Evacuation d'un blessé à Mogadiscio où une explosion, due à un camion piégé, a tué au moins 65 personnes. L'attaque a été lancée par les rebelles islamistes somaliens contre des bâtiments officiels. /Photo prise le 4 octobre 2011/REUTERS/Omar Faruk

Evacuation d'un blessé à Mogadiscio où une explosion, due à un camion piégé, a tué au moins 65 personnes. L'attaque a été lancée par les rebelles islamistes somaliens contre des bâtiments officiels. /Photo prise le 4 octobre 2011/REUTERS/Omar Faruk - -

MOGADISCIO (Reuters) - Un attentat au camion piégé revendiqué par les rebelles islamistes a fait au moins 65 morts mardi dans un quartier de...

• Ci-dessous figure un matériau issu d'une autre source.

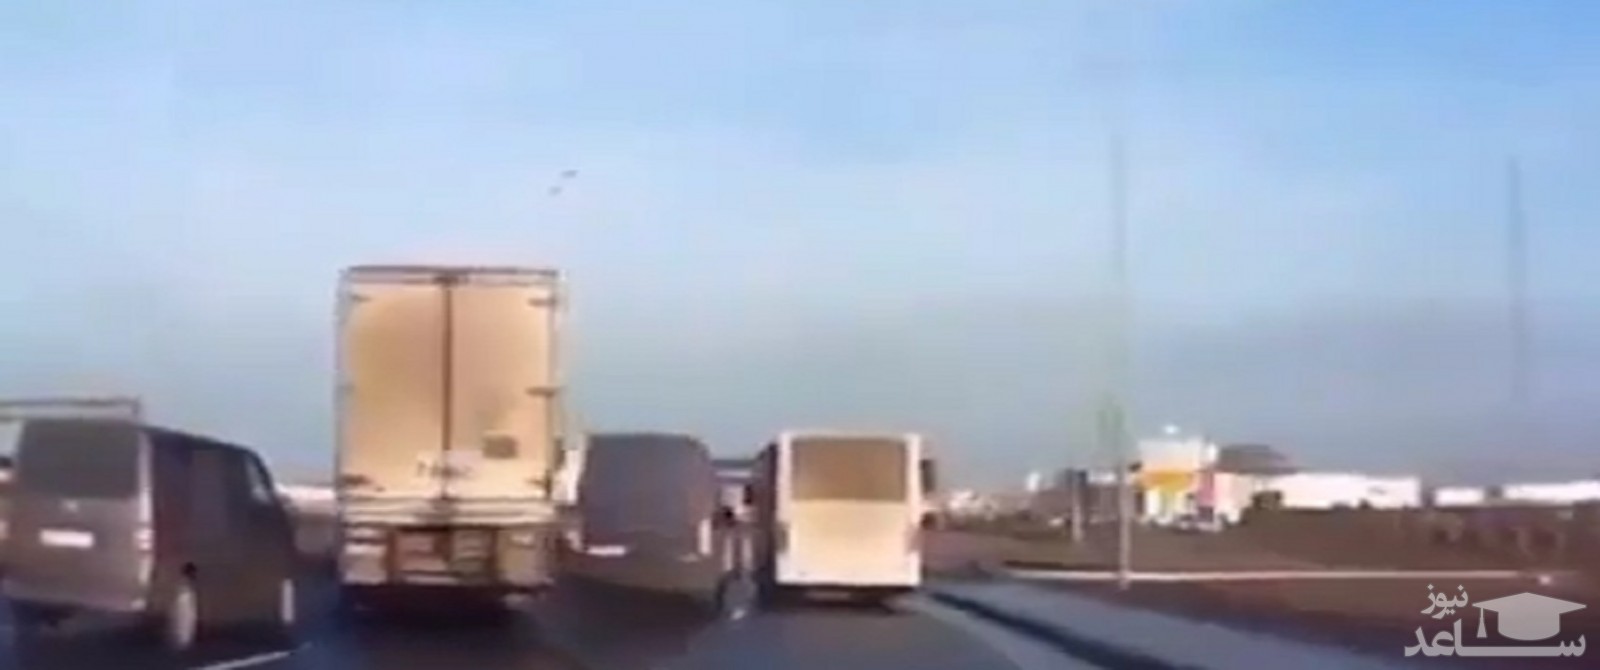 (فیلم) مهارت فوق العاده رانندگان خودروهای سنگین در جاده

MOGADISCIO (Reuters) - Un attentat au camion piégé revendiqué par les rebelles islamistes a fait au moins 65 morts mardi dans un quartier de ministères à Mogadiscio, la capitale de la Somalie, a déclaré un membre des services ambulanciers.

Des témoins ont entendu une forte explosion dans un quartier du coeur de Mogadiscio abritant quatre ministères, où des étudiants s'apprêtaient à passer des examens.

"On a transporté 65 corps et 50 blessés", a déclaré un ambulancier, Ali Muse, ajoutant que des soldats, des étudiants et des civils figuraient parmi les morts. "Il y a encore des corps là-bas. La plupart des gens souffrent de brûlures", a-t-il dit.

La police a rapporté qu'un camion avait explosé à l'entrée du quartier. D'après l'ambulancier Ali Muse, le camion piégé semblait rempli d'essence et d'explosifs.

"Les Chabaab ont commis cette attaque", a dit un porte-parole des rebelles islamistes à Reuters. "Nous visions les ministères."

Les Chabaab, rebelles islamistes en Somalie liés à Al Qaïda, avaient menacé de lancer des attaques contre des installations gouvernementales après leur retrait de Mogadiscio début août.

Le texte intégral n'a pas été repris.